Saturday, January 07, 2006

The Chube - Joshua Tree National Park (December 2005)

This is the ever-exciting Viren on The Chube, a V3 problem with a moderately intimidating topout. Does it look intimidating to you?

Well, Southern California, being the vile place that it is, still has its perks. Mind you, it's the middle of January, and I complained yesterday morning about it being too hot for pants in the valley. Well, I then went bouldering in the afternoon, feeling extremely comfortable in shorts and with 2 to 3 inches of snow under my feet in the San Bernardino mountains. Where else is that sort of thing possible in January? I'm sure other places must exist - maybe on mars.
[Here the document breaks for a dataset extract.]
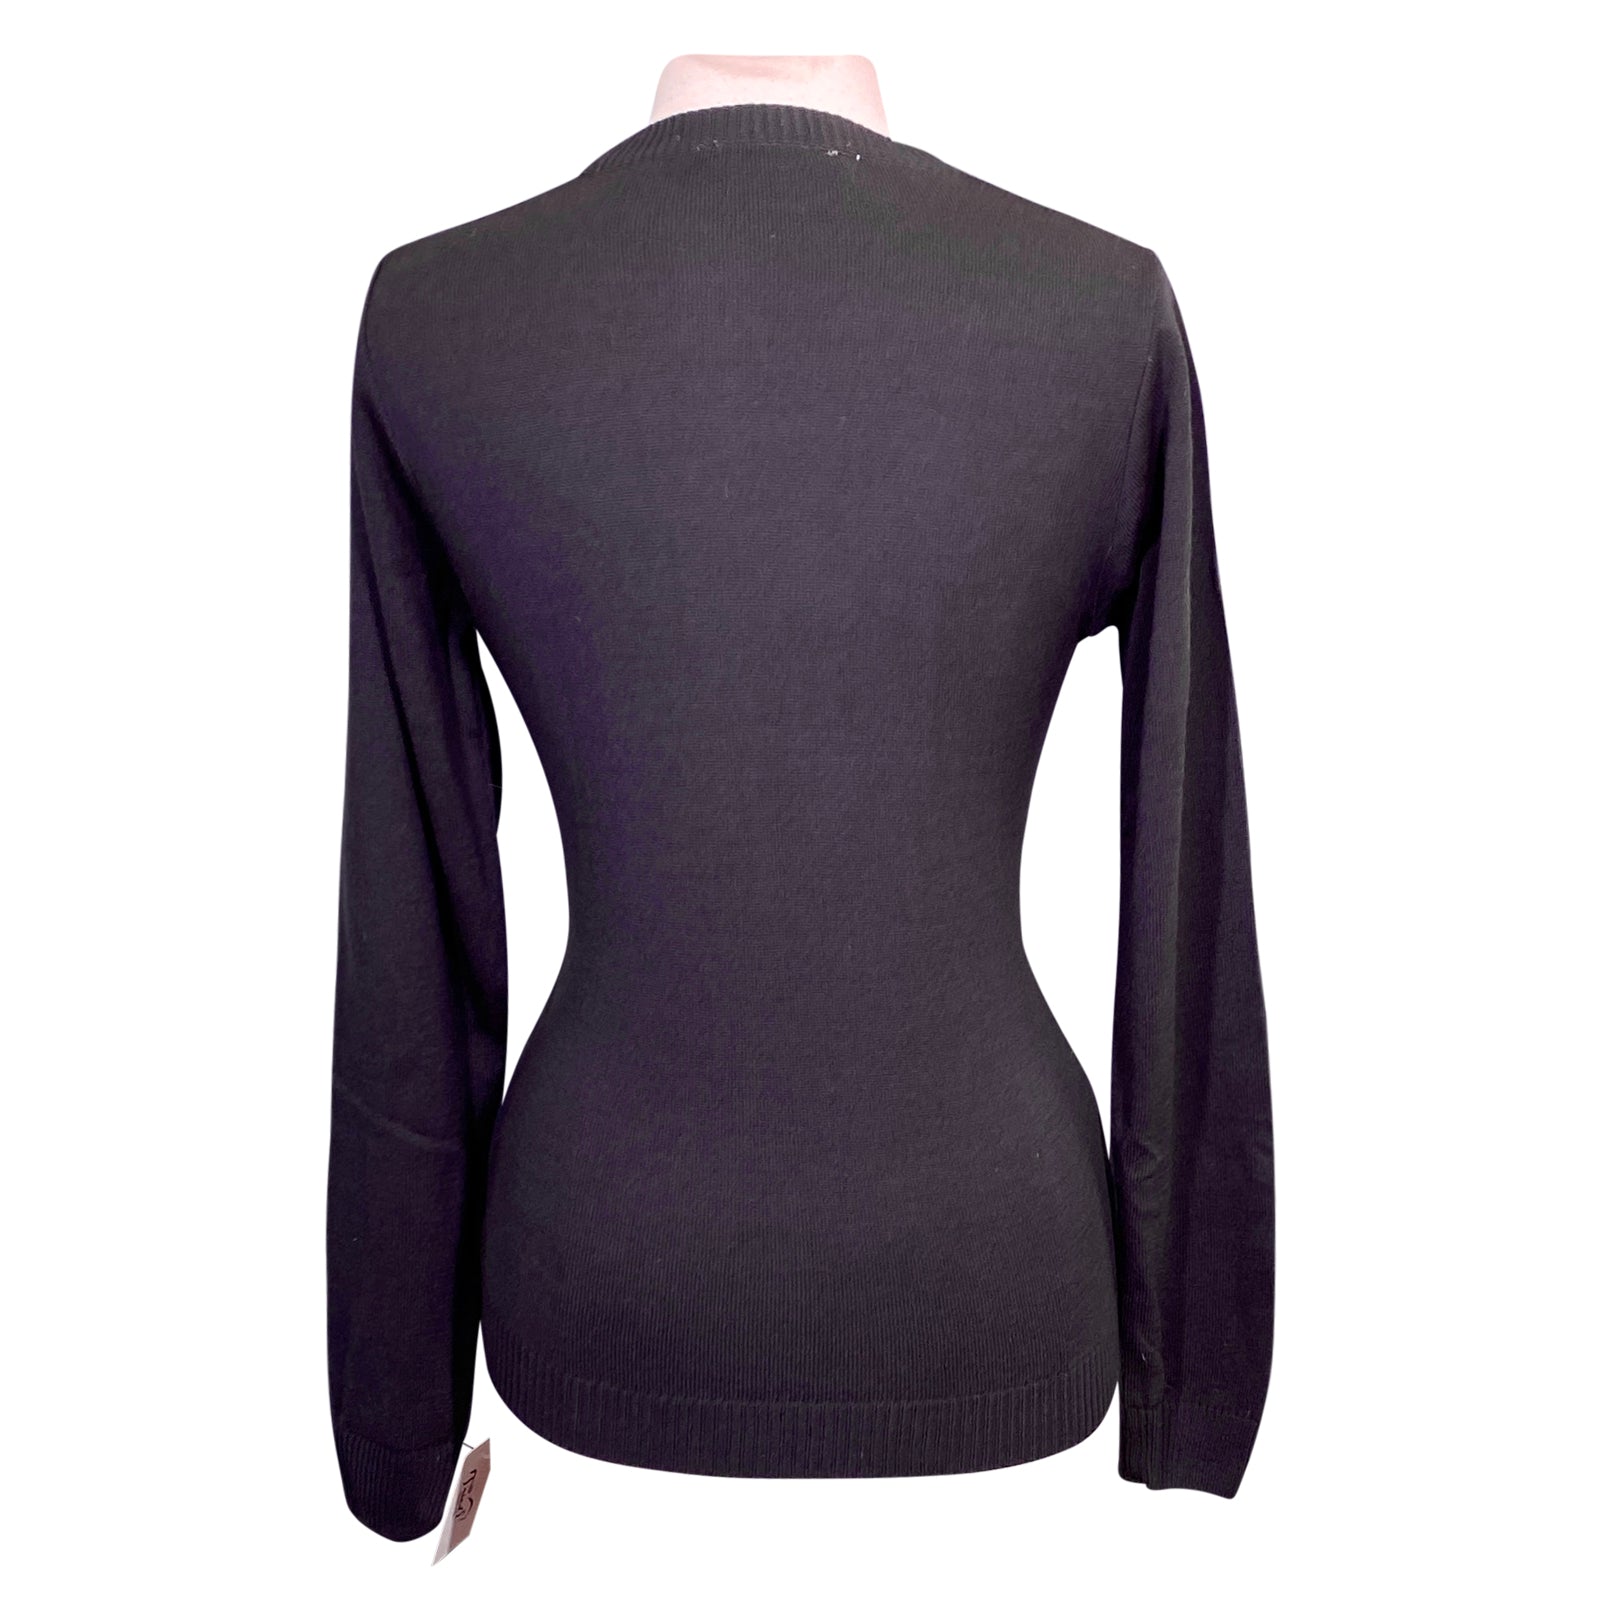 SmartPak Piper Crewneck Sweater in Grape - Women's XS

Perhaps we can send an expedition to find out...


Blogger Linz Organist said...

So, I think I might be ok with climbing up, but how does one descend?

Sunday, January 08, 2006  
Blogger An Enlightened Fellow said...

There's a walkoff on the back. Granted you do have to jump down about 5 feet, but it's relatively painless.
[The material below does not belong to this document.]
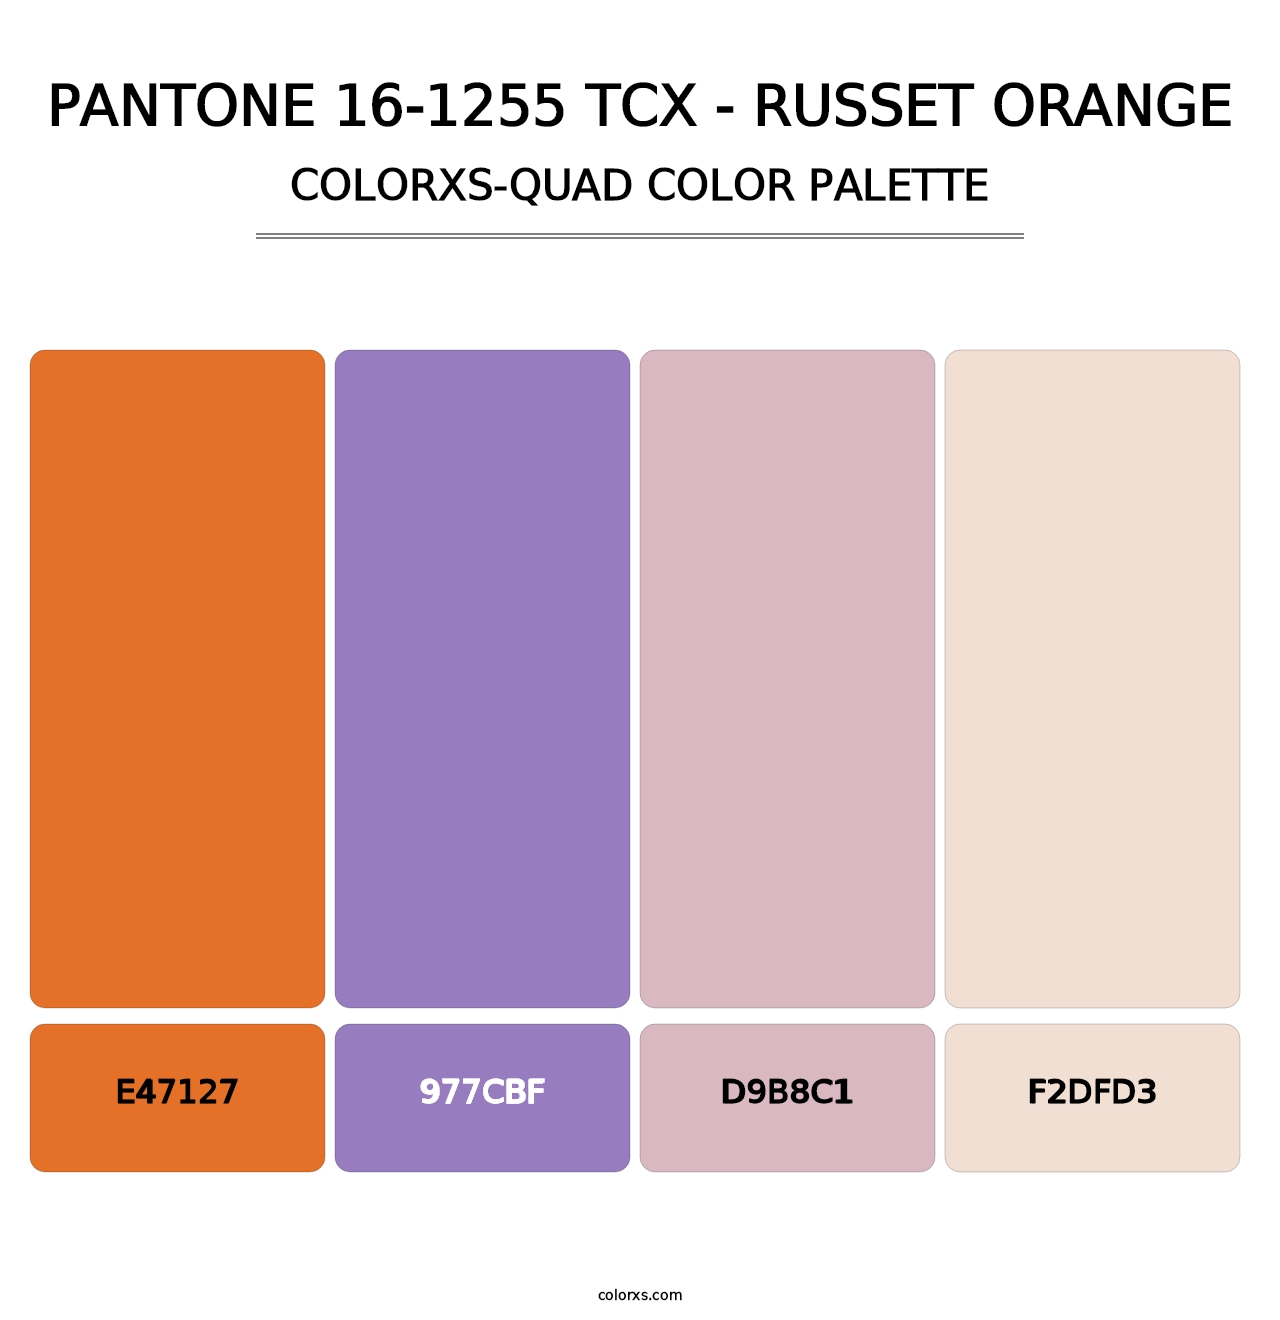 PANTONE 16-1255 TCX - Russet Orange - Colorxs Quad Palette

Sunday, January 08, 2006  
Anonymous Anonymous said...

I ran into a guy out there a couple weeks back, who, having successfully climbed the problem, was about to descend by jumping off the wrong side into a formidable yucca bush. Wishing to spare him the pain and suffering of inevitable impalement, I mentioned to them that the standard downclimb was on the back side of the boulder, and then showed him by walking around the back to point it out to him. He then proceeded to inch backwards down the extremely low angle slab slowly and painfully, with legs a'shaking and fingers and teeth a'clenching. Thankfully, he made it to the ground safely, and thanked me for showing him the downclimb. I was left bewildered at how someone could ascend a fairly gymnastic and formidable boulder problem, then quake on a near-sidewalk like downclimb.